Extensive experiments demonstrate WavTokenizer's superior performance over existing models. Utilizing just 75 tokens per second, WavTokenizer achieves state-of-the-art reconstruction quality on the LibriTTS test-clean dataset. Additionally, the model demonstrates efficiency in contributing to rich semantic information, measured through various downstream tasks. Comprehensive ablation studies validate the importance of each component in the model.

Methodology

Encoder Design:

Similar to EnCodec, the encoder of WavTokenizer employs a convolutional architecture that sequentially downsizes the input audio signal. The final output is a compact latent feature representation which is then quantized by a single quantizer layer. Through experiments, it was determined that expanding the codebook size (from $2^{10}$ to $2^{12}$ ) significantly improved the model’s performance without sacrificing codebook utilization.

Quantization Strategy:

WavTokenizer innovates by broadening the VQ space and employing K-means clustering for initializing the codebooks. A forced activation strategy ensures that even a larger codebook is effectively utilized, supporting the hypothesis that speech can be treated as a unique language when quantized appropriately.

Decoder Design:

To better handle the reconstruction of audio from quantized tokens, the decoder deviates from traditional mirrored architectures. Instead, it employs an inverse Fourier transform along with a multi-scale discriminator, significantly reducing aliasing artifacts and enhancing perceptual quality. The incorporation of attention mechanisms within the decoder further bolsters the semantic richness and context-awareness of the reconstructed audio.

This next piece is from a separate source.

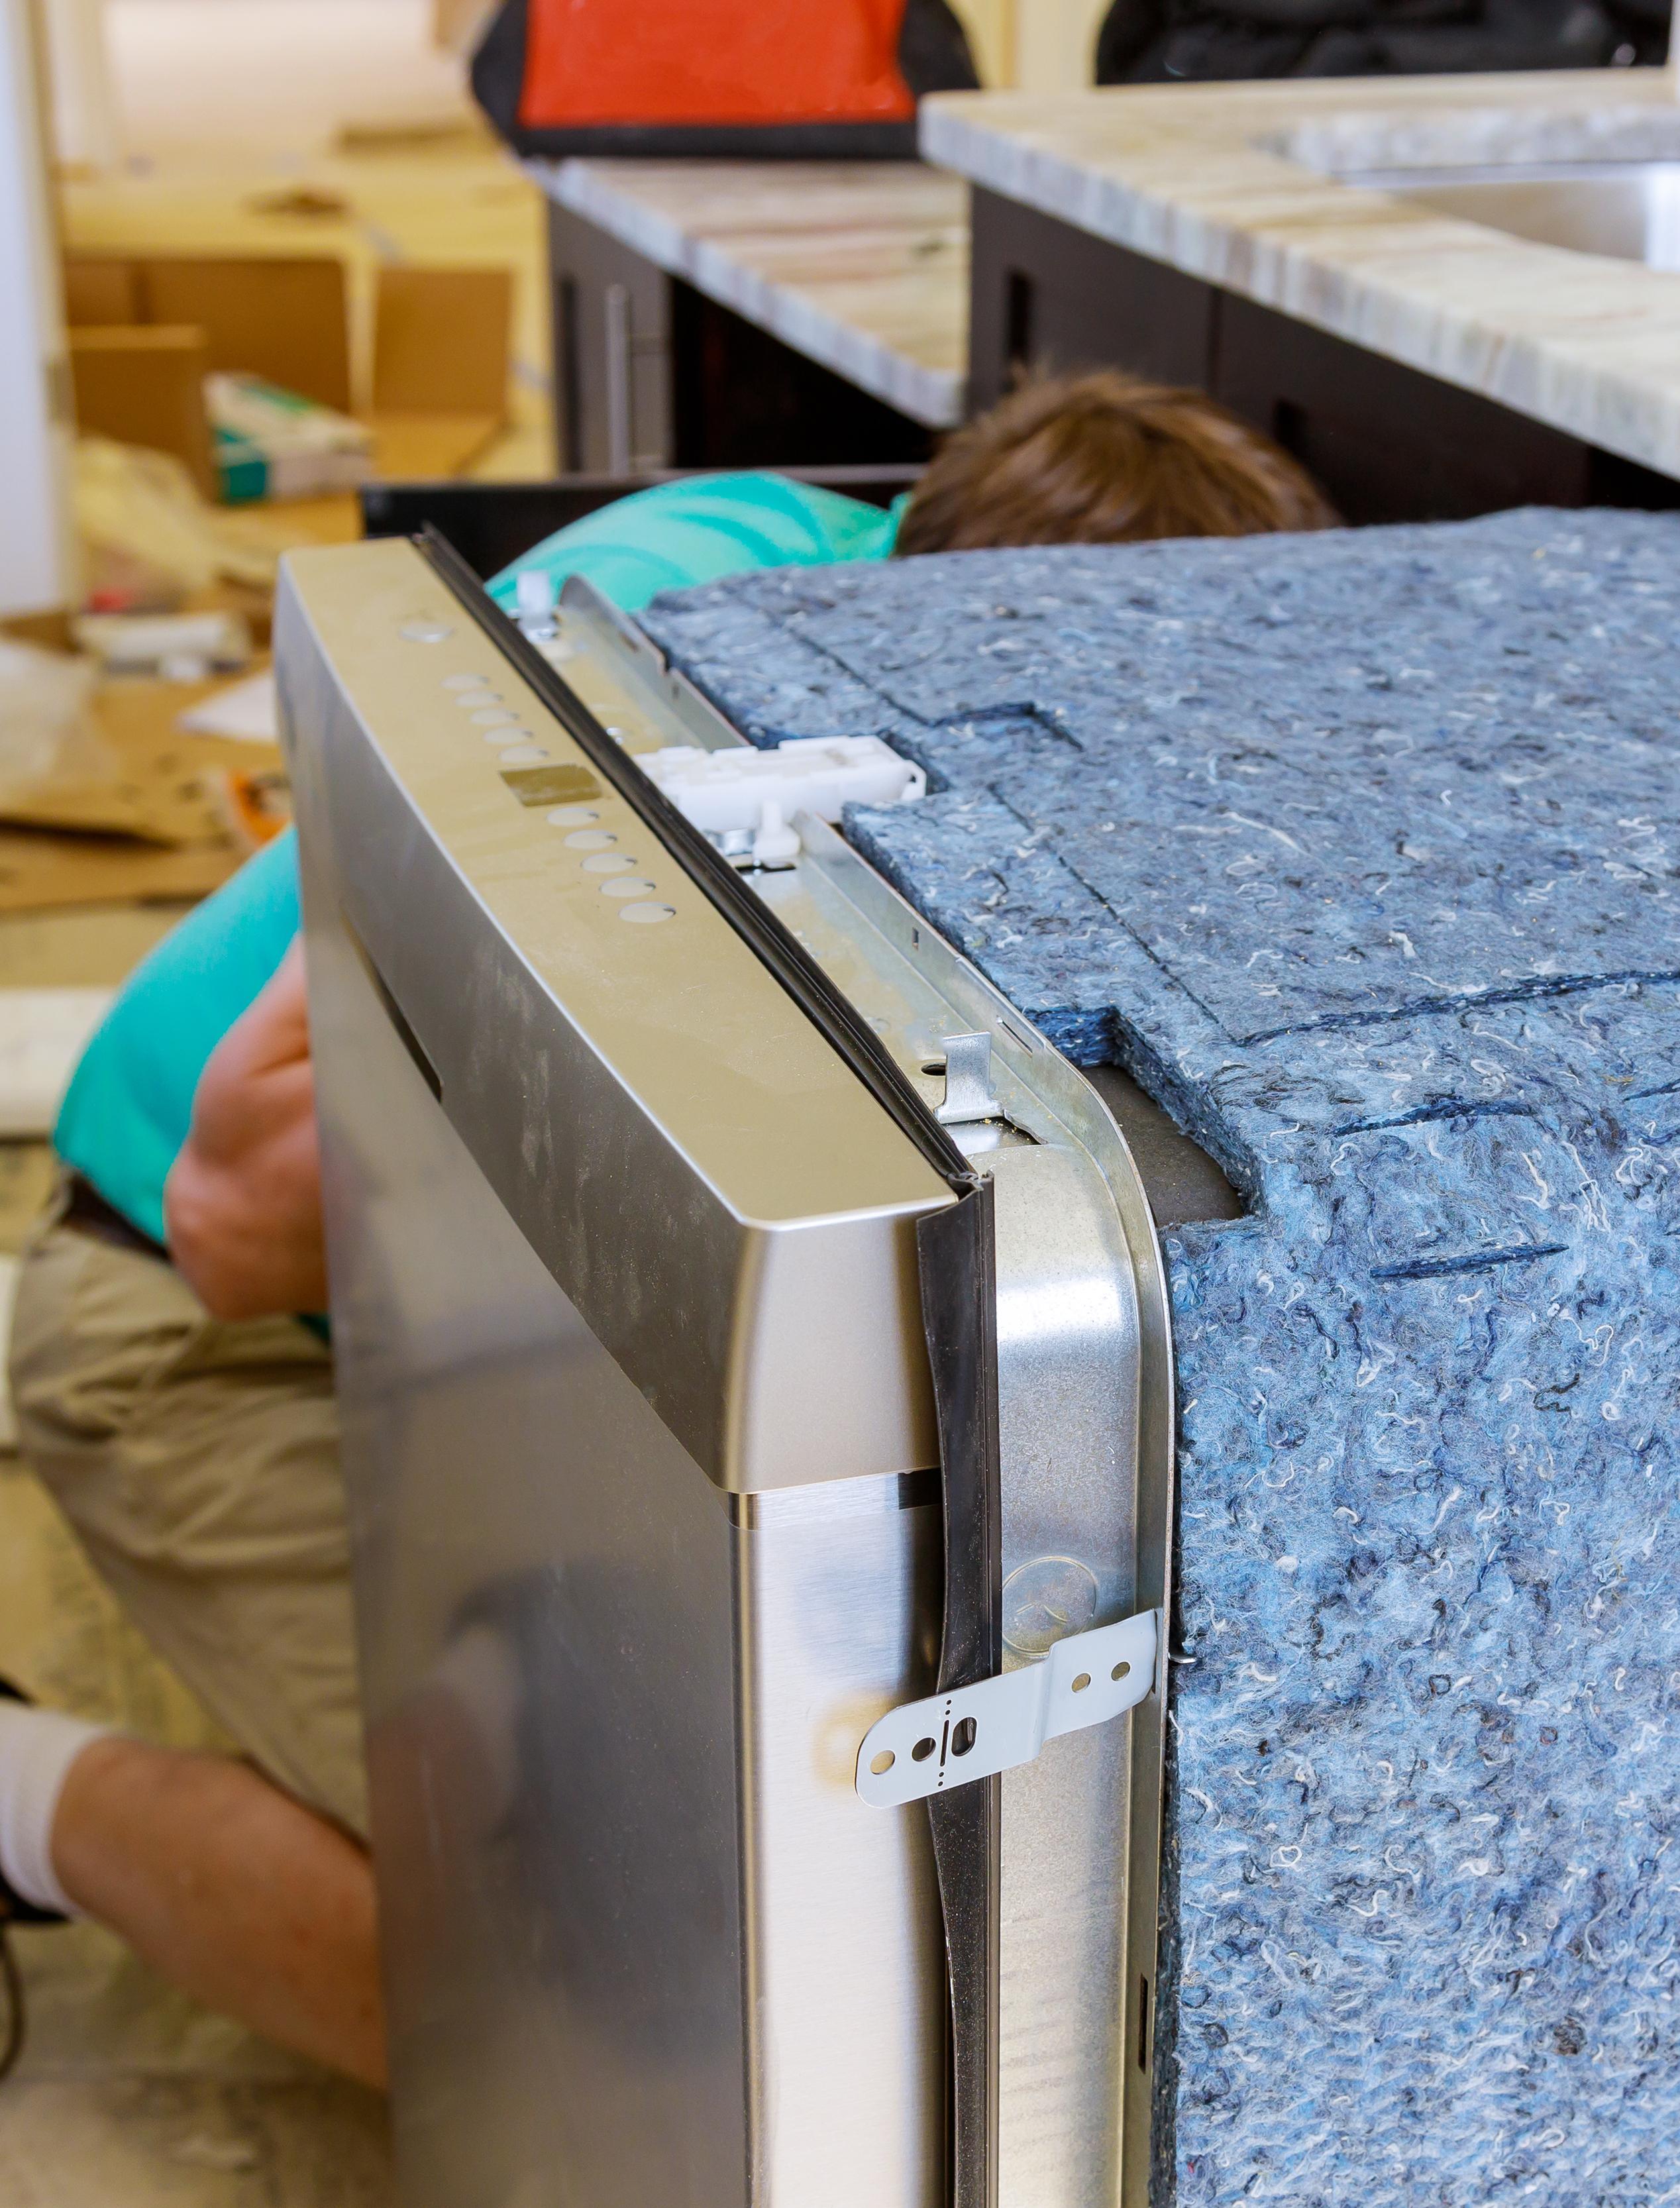 plumber-repair-in-the-household-dishwasher-machine-NZK8YMY

Training and Loss Functions:

The training leverages a hinge loss formulation for adversarial training, supplemented by quantizer loss, mel-spectrum reconstruction loss, adversarial loss, and feature matching loss. These combined losses ensure that the model not only achieves high fidelity in reconstruction but also maintains a rich semantic representation.

Experimental Results

The experimental evaluation focused on reconstructing audio from the test-clean subset of LibriTTS and comparing the results to multiple baselines such as EnCodec, HiFi-Codec, and DAC. WavTokenizer demonstrated superior performance with significantly lower token requirements (75 tokens/second), achieving near-human-level UTMOS scores.

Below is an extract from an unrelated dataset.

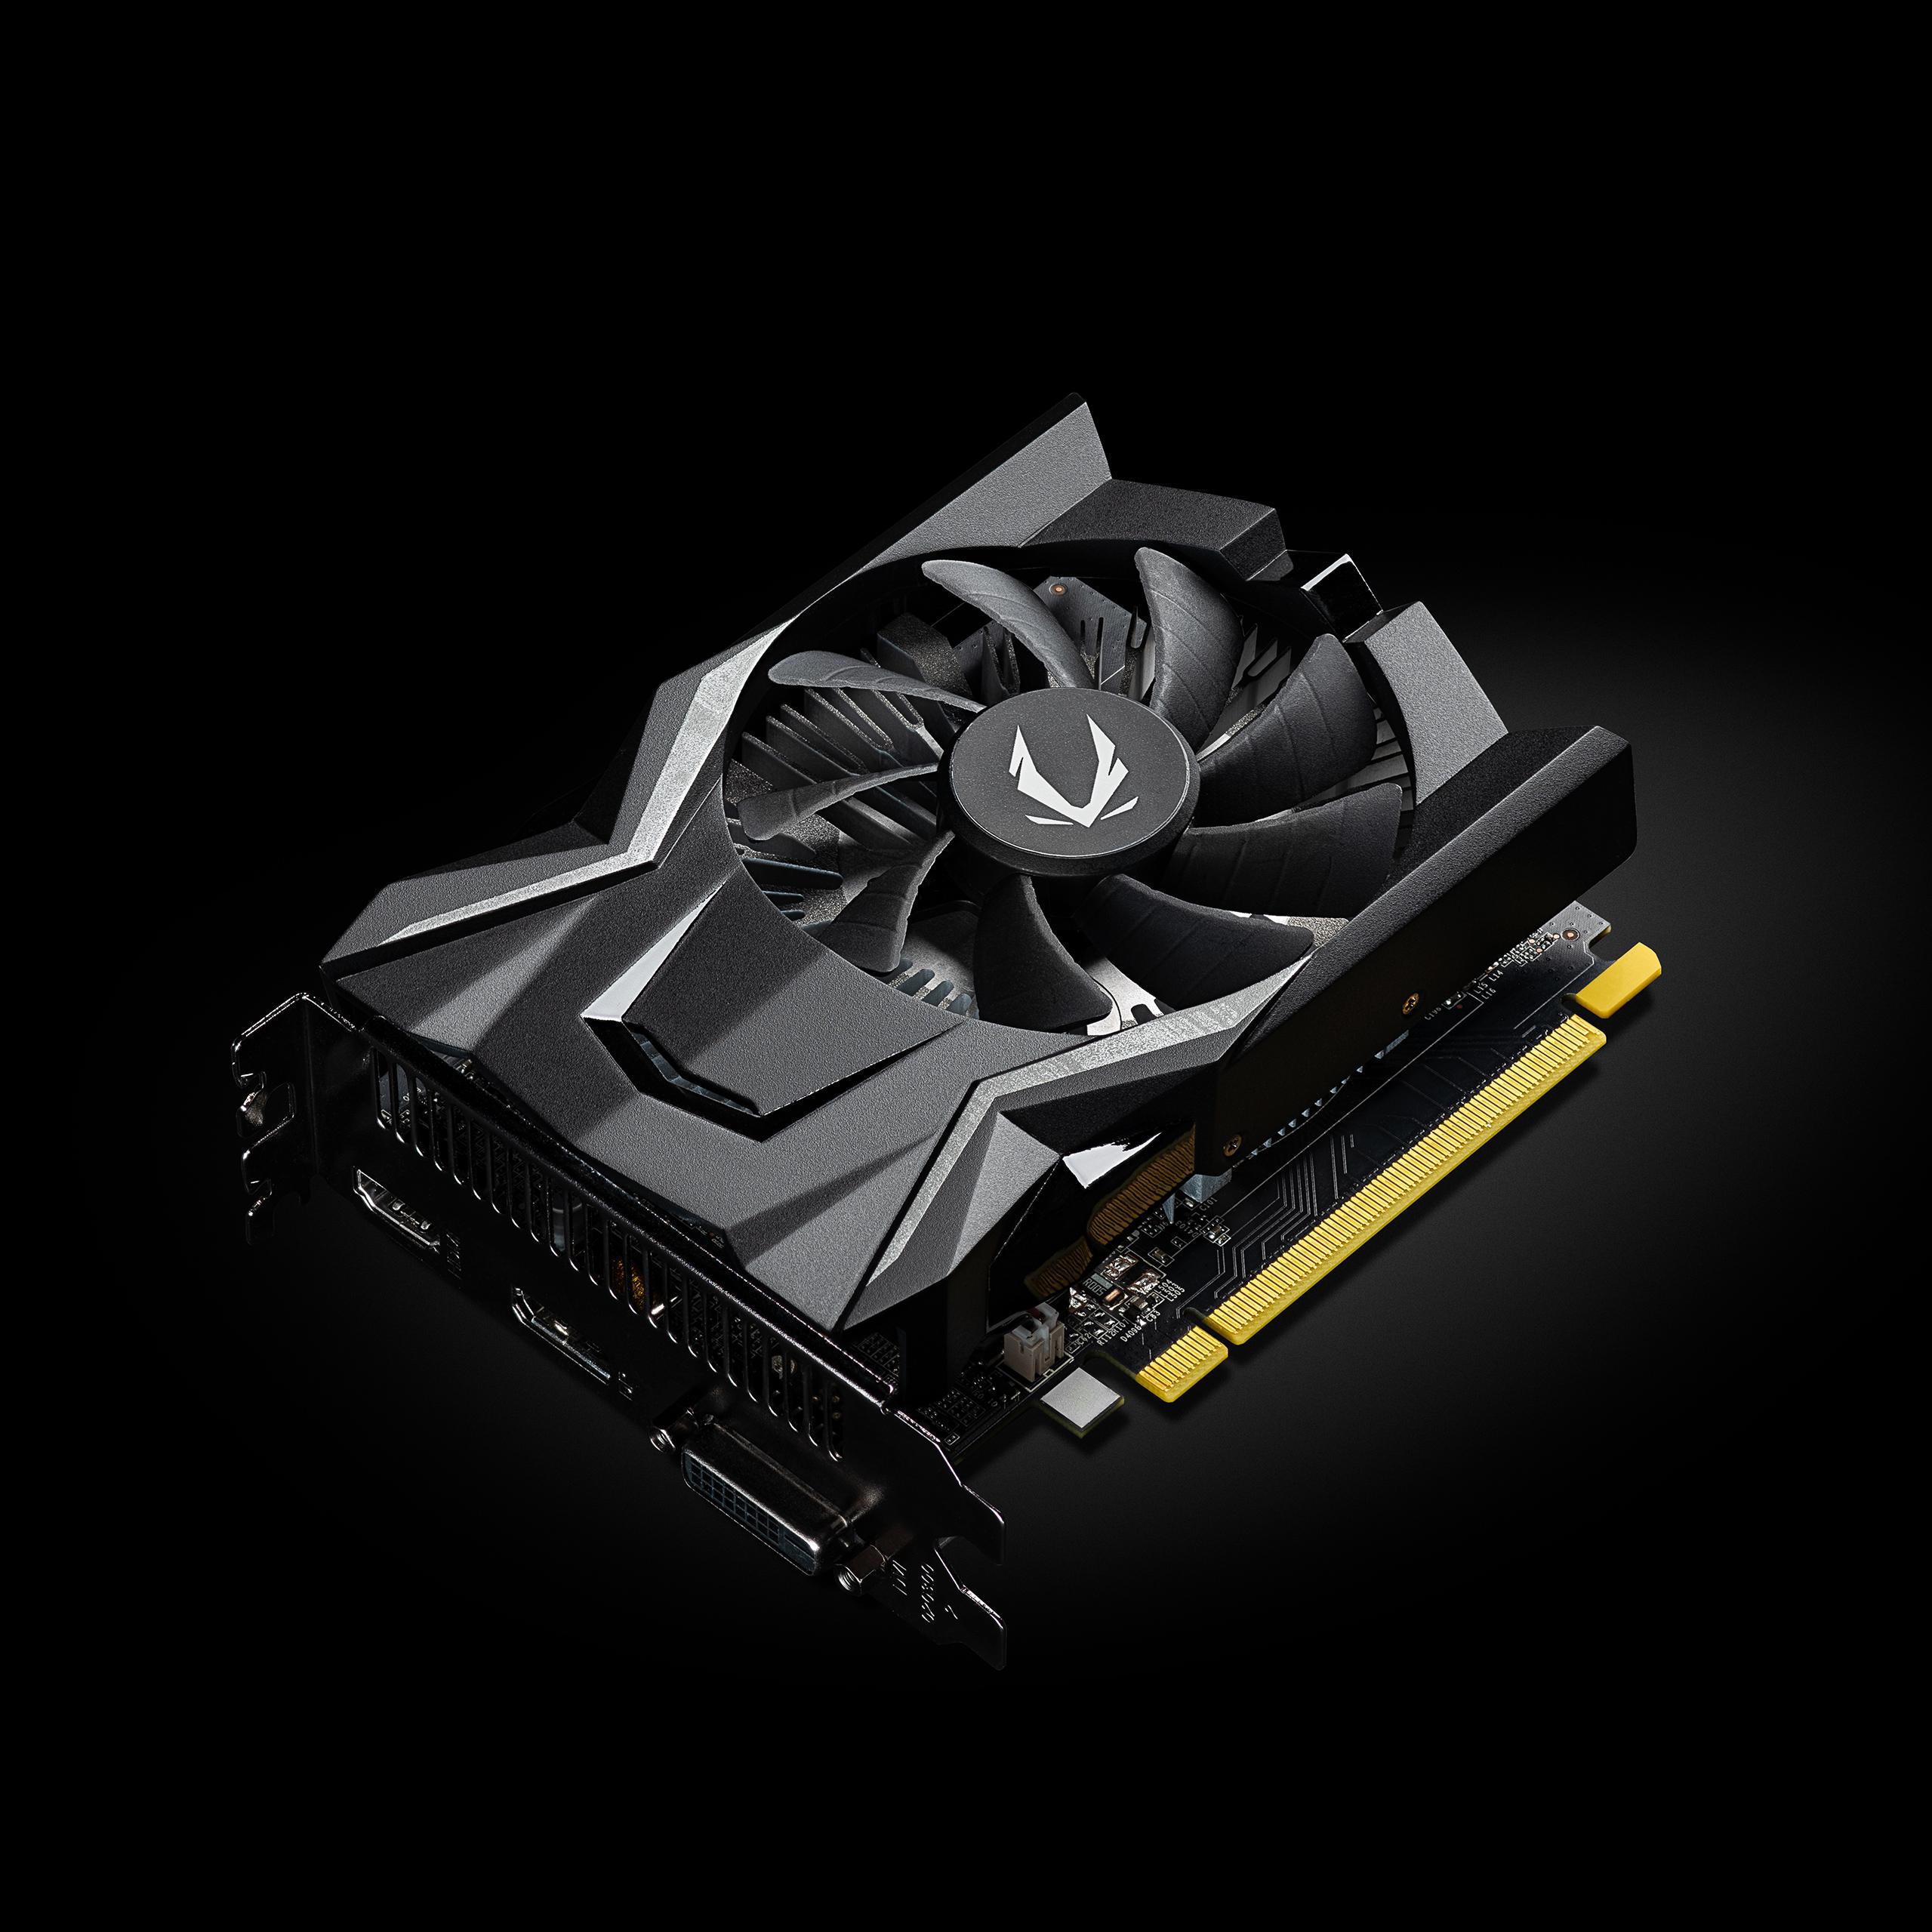 GeForce GTX 1650 Graphics Card | NVIDIA

Further analysis explored the impact of different contextual windows and codebook sizes. The results confirmed that larger codebook sizes considerably enhanced reconstruction quality, while extended contextual windows improved semantic modeling. Additional evaluation in noisy environments (LibriTTS Test-Other) and out-of-domain scenarios (LJSpeech) reaffirmed the robustness and adaptability of WavTokenizer.

Semantic Representation

For assessing semantic content, WavTokenizer was evaluated on the ARCH benchmark, which includes diverse datasets covering speech, music, and audio domains. The results on downstream classification tasks showcased WavTokenizer's capability to maintain and even enhance semantic richness compared to existing SOTA models, validating its potential for broader applications in generative and multimodal tasks.

Conclusion

WavTokenizer presents a significant advancement in the field of acoustic discrete codec tokenizers, offering substantial improvements in compression rates, reconstruction quality, and semantic richness. Its innovative approaches to quantization and decoder design set a new benchmark for future research in audio LLMing. Further developments and validations are anticipated in future releases, expanding its applicability and fine-tuning its performance across various domains.

Future Directions

The future directions in this line of research might include exploring the potential of WavTokenizer in real-time applications, optimizing the model for low-latency environments, and extending its capabilities to other audio-related tasks such as content-based retrieval and audio-based emotion recognition. Additionally, integrating WavTokenizer into larger multimodal frameworks could open avenues for even more sophisticated generative models and applications.